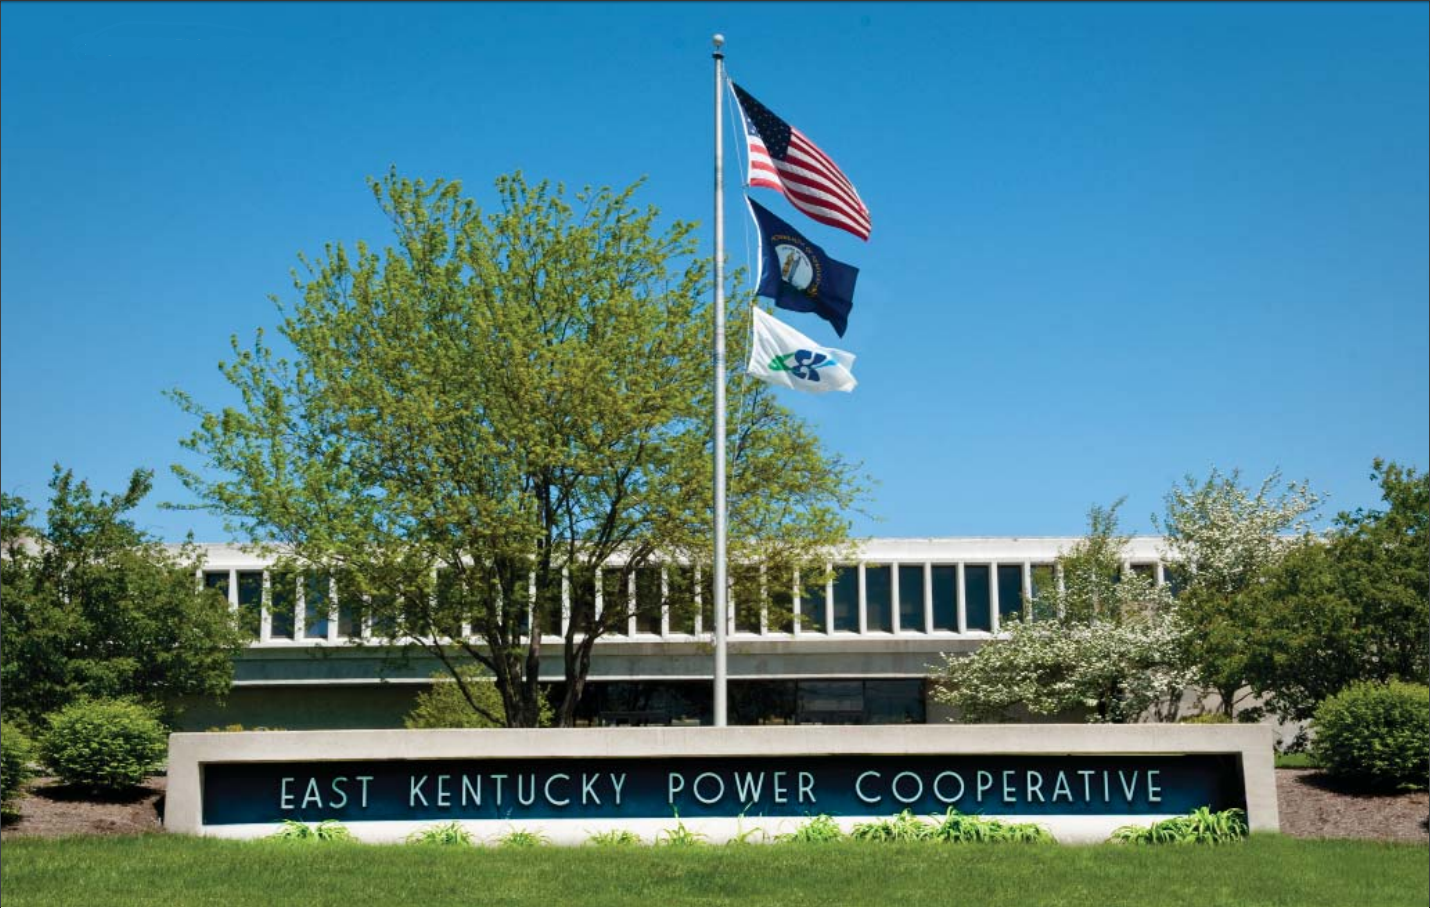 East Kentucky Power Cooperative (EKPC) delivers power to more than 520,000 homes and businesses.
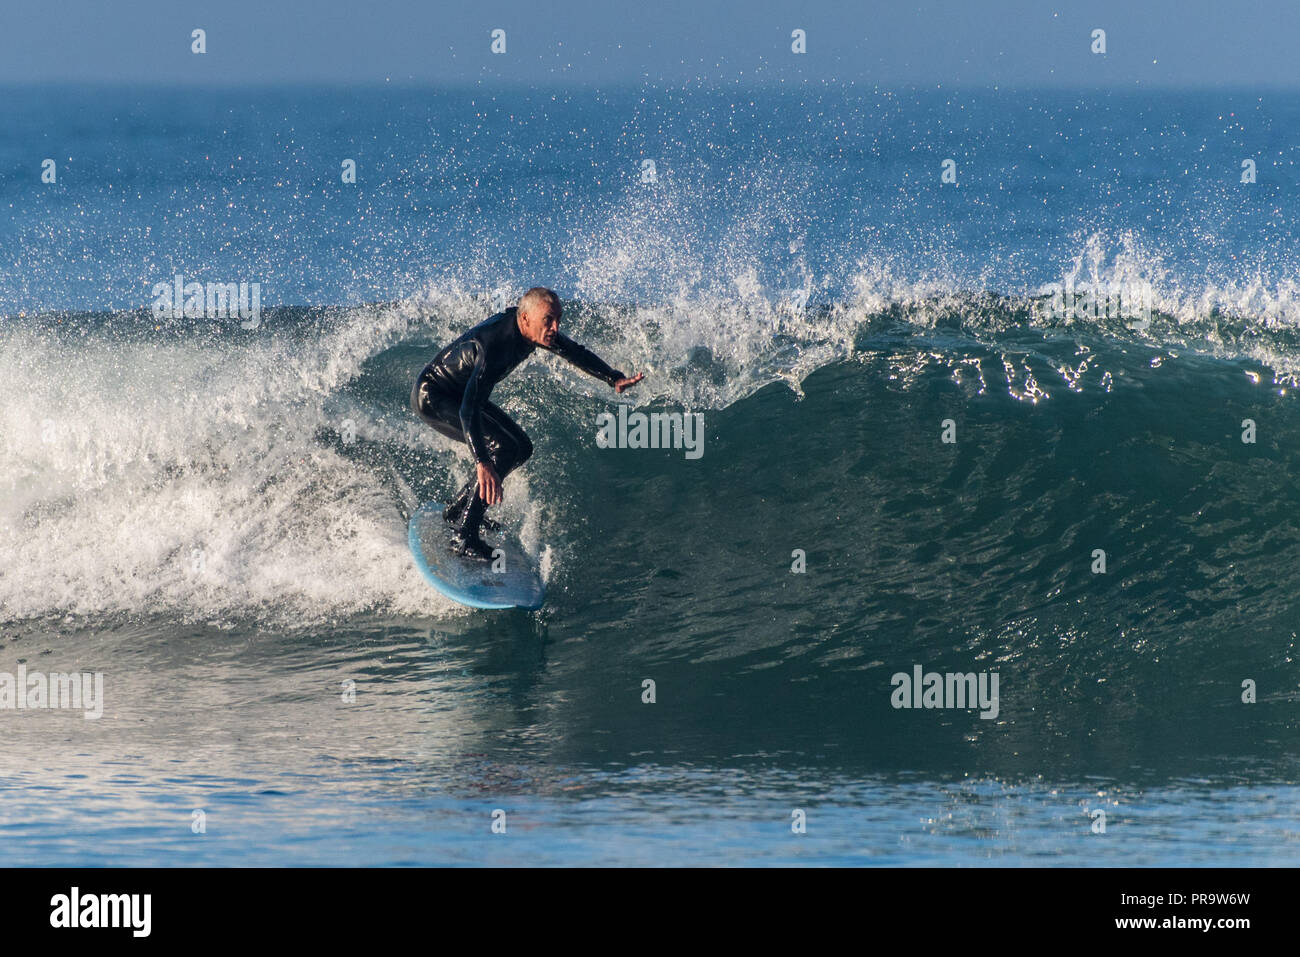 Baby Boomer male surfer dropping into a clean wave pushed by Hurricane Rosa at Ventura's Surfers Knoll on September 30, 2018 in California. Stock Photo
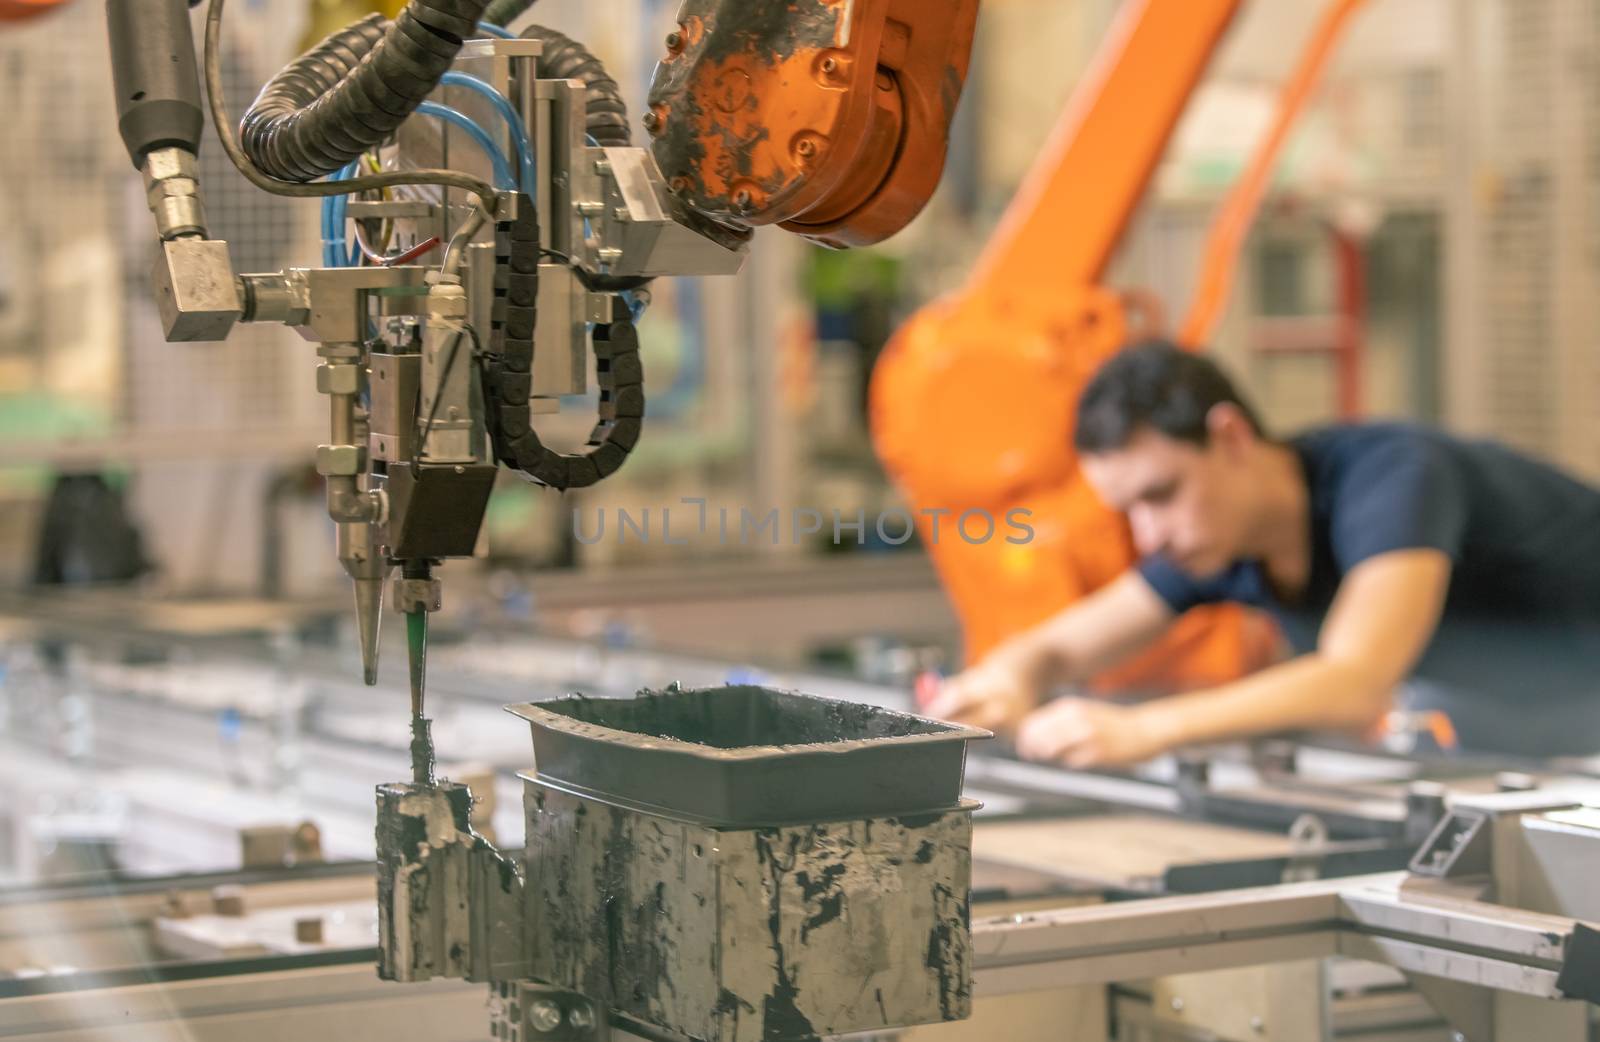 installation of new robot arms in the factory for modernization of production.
====================
Your assignment
Using the data above, print every line exactly, omitting pictures.

Answer
 East Kentucky Power Cooperative (EKPC) delivers power to more than 520,000 homes and businesses.
 Baby Boomer male surfer dropping into a clean wave pushed by Hurricane Rosa at Ventura's Surfers Knoll on September 30, 2018 in California. Stock Photo
 installation of new robot arms in the factory for modernization of production.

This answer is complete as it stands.